SANTA FE, New Mexico -- New Mexico Gov. Michelle Lujan Grisham on Wednesday said coronavirus spread in neighboring El Paso "poses a great risk to Dona Ana County and the entire state of New Mexico."
She cited both the El Paso area's rising toll of deaths (54) and cases (1,930), including a recent 39% increase in hospitalizations. She compared El Paso's population base to that metro Albuquerque, by far New Mexico's most populous area, in outlining the potential risk.
There were just four new virus cases reported in Doña Ana County on Wednesday, putting the infection total there at 322. To date, there have been just two deaths.
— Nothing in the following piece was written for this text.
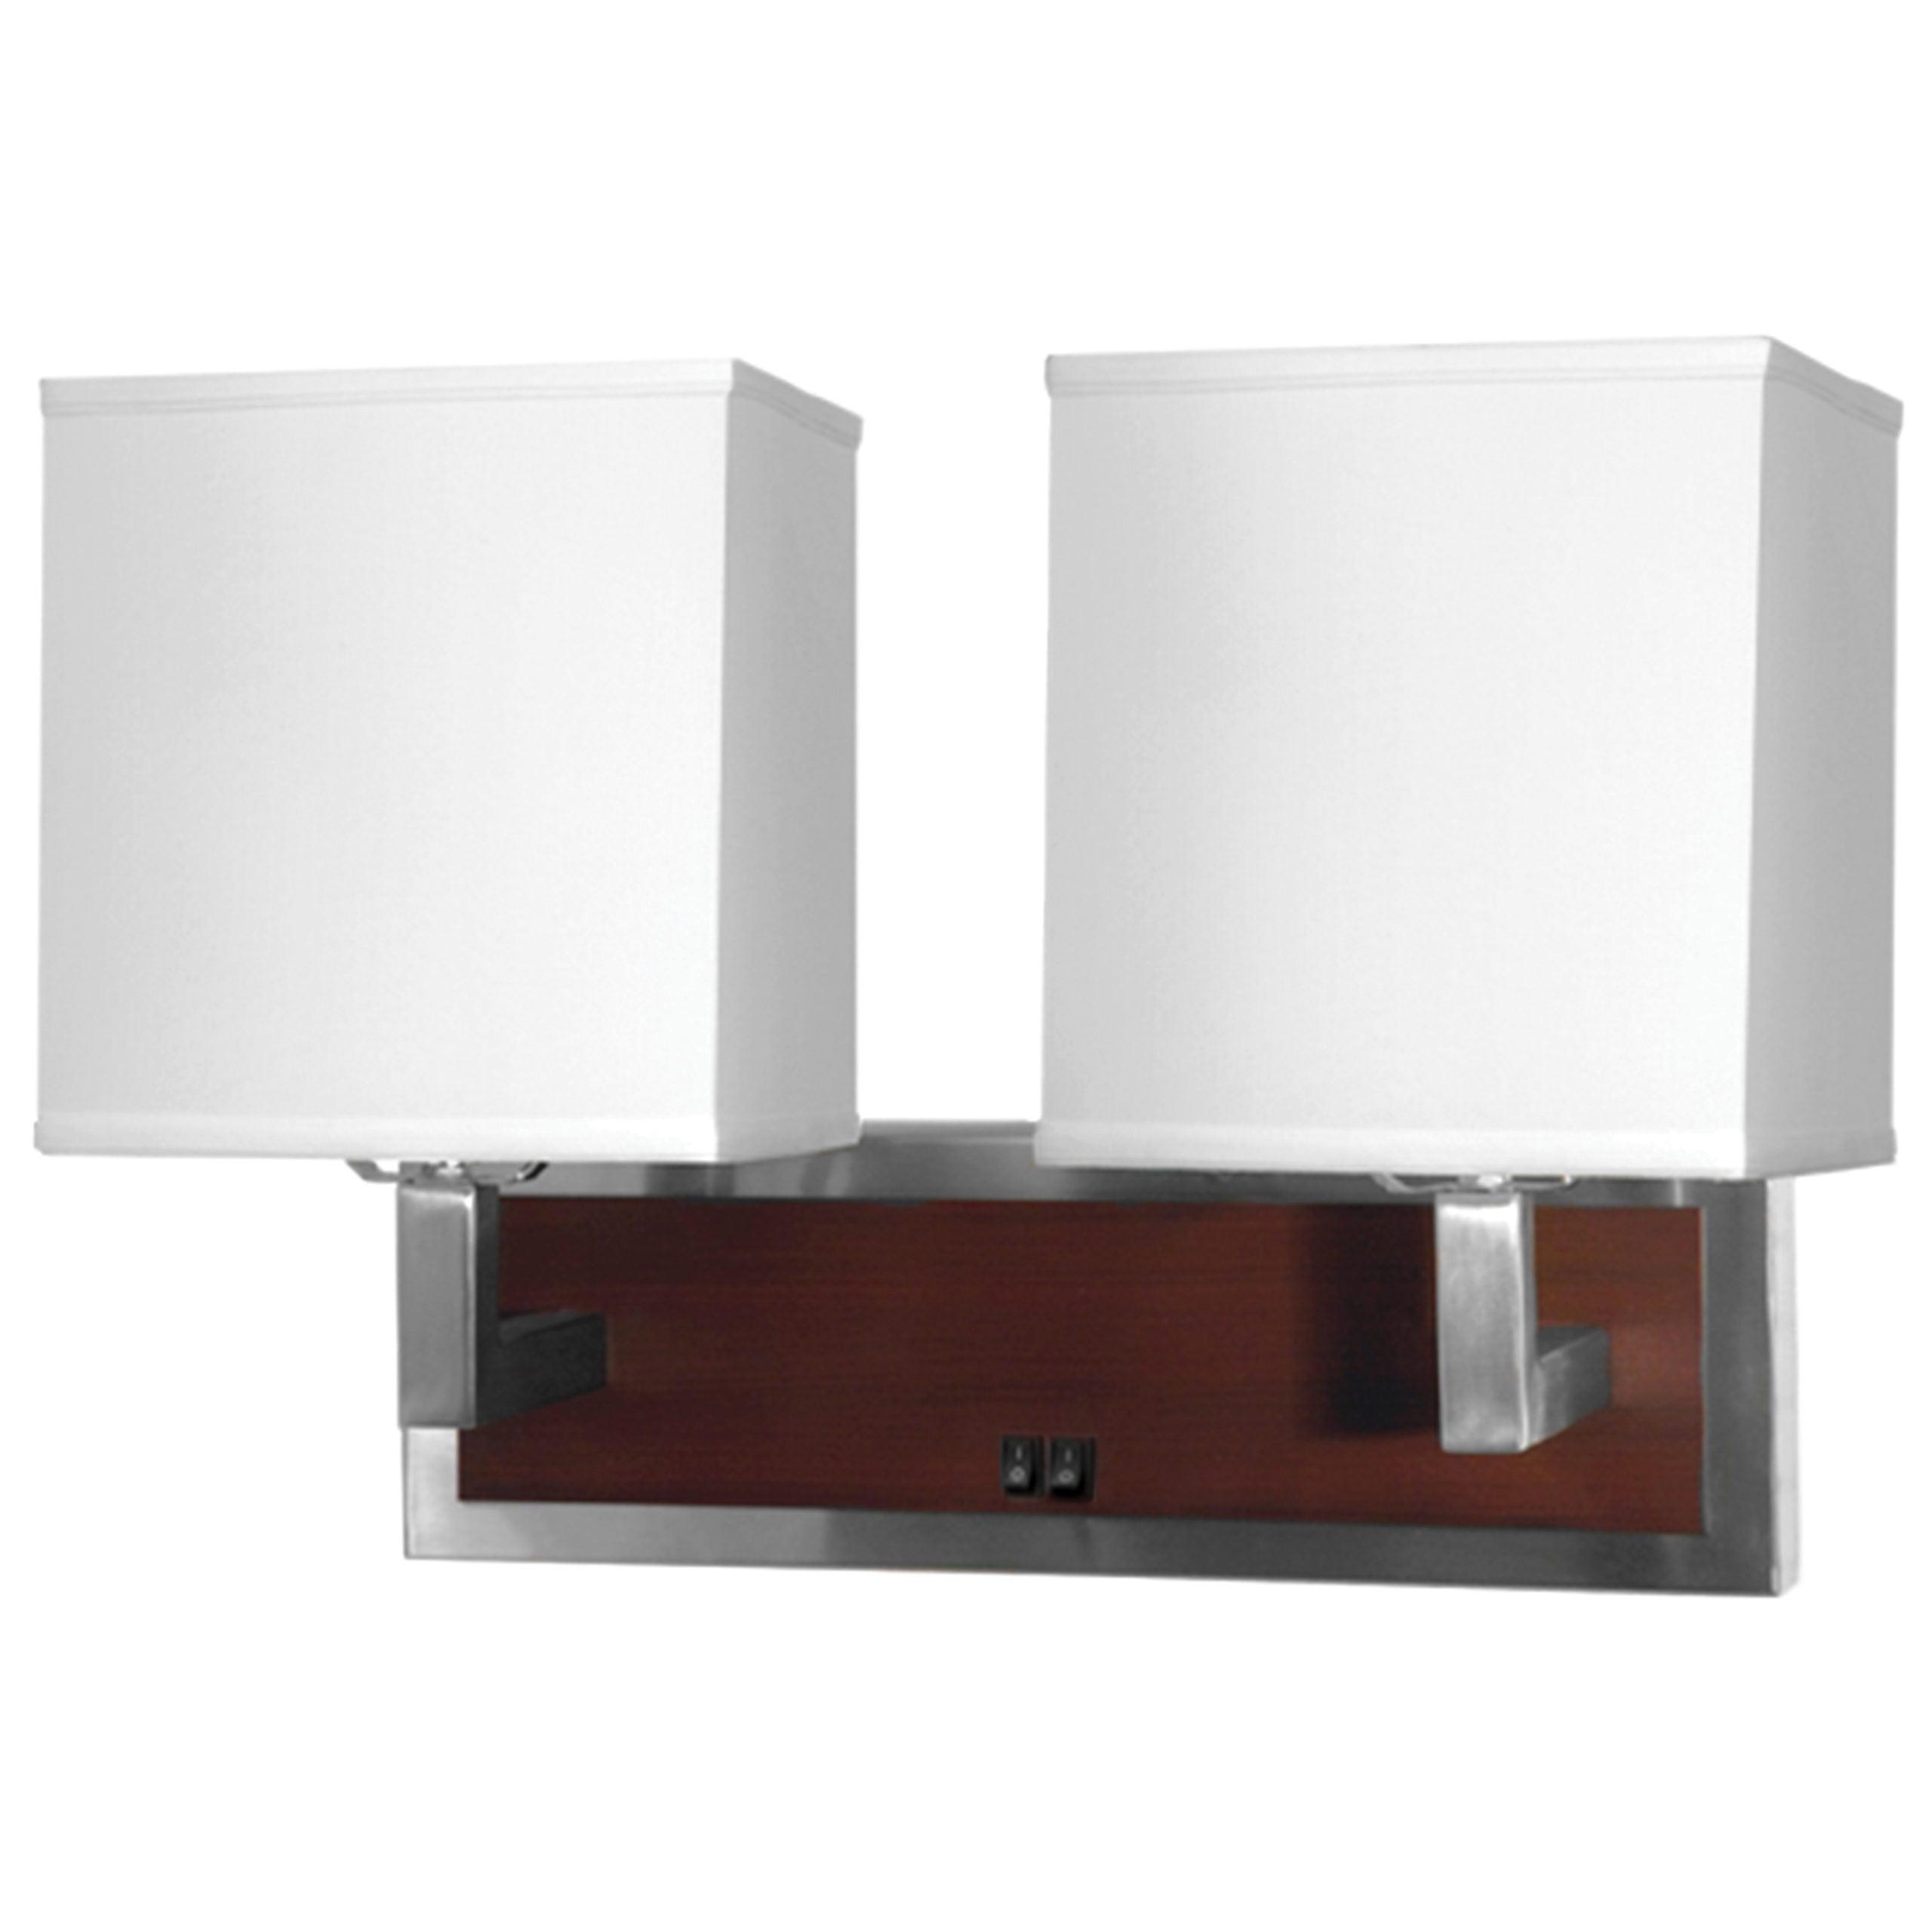 Calibri Double Wall Lamp

State officials noted that "spread in the southwest (part of the state) appears to be under reasonable control," which is why the governor expressed concern about the threat posed if El Paso's surge expands into Doña Ana County.
Health leaders said traveling from one location to another and not following social distancing guidelines can quickly result in spread.
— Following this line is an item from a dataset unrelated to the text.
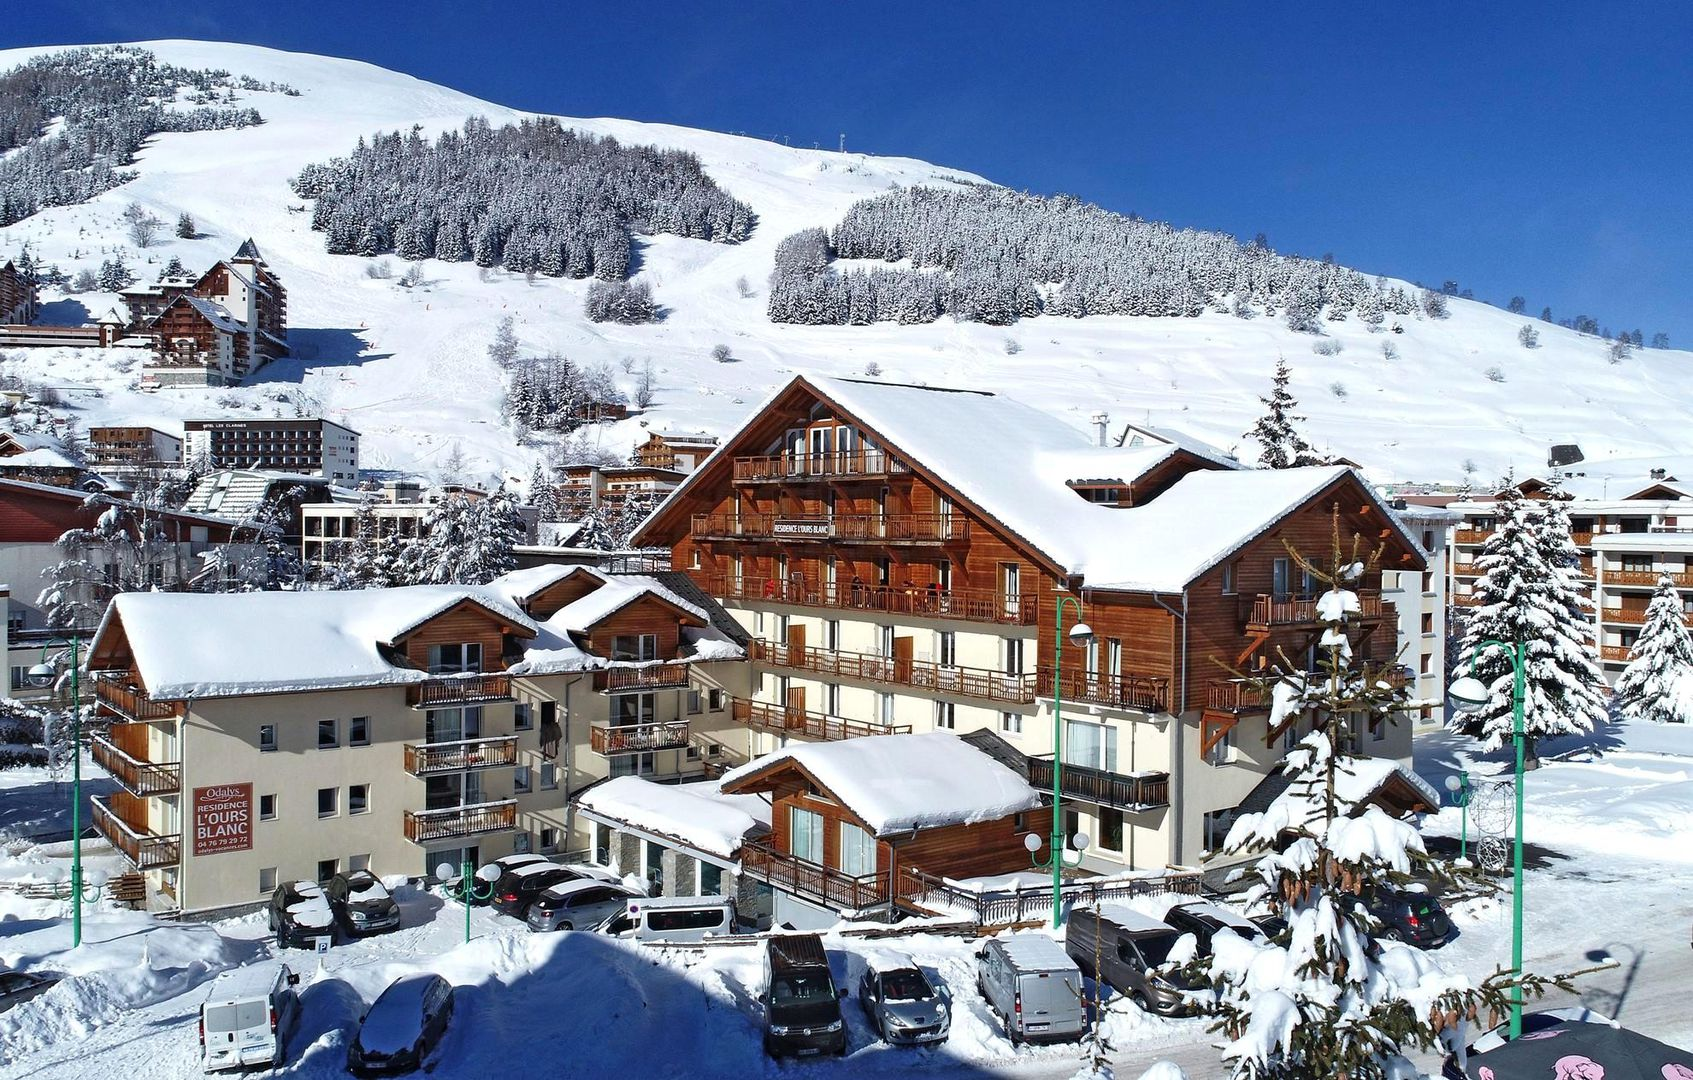 Meer info over Résidence L'Ours Blanc  bij Wintertrex

"Covid got here from people traveling, we know this creates high risk," Lujan Grisham explained. "If you're shopping or going to a movie theater in El Paso. you're posing a risk in New Mexico."
Across all of New Mexico, the governor said there were seven additional virus-related deaths in the state on Wednesday, with the total number of deaths of New Mexicans now 283.
In addition to the deaths, the state reported 144 new cases. As of Wednesday, New Mexico reported at total of 6,317 infections.
The governor reported that 206 people were hospitalized, with 58 of those patients on ventilators. She said that's a bit higher than the national average.
Some of the key data, however, has Lujan Grisham saying the state is managing the virus correctly.
The state has conducted 147,344 virus tests as of Wednesday, which means about 7% of all New Mexicans have been tested. It sounds low but in comparison to other states, it is one of the highest rates in the nation.
In other southwestern U.S. states, Texas has tested just 2% of its population, Arizona 3% and Oklahoma 4%.
Also, fewer people who get tested in the Land of Enchantment have the virus - it's only about 4%.
At the same time, the state is moving slower than most at reopening.
“We are not yet seeing New Mexico cases decline,” Lujan Grisham said. “In fact, states that have reopened quickly haven't done it as thoughtfully as maybe we believe in New Mexico and they are already seeing those spikes.”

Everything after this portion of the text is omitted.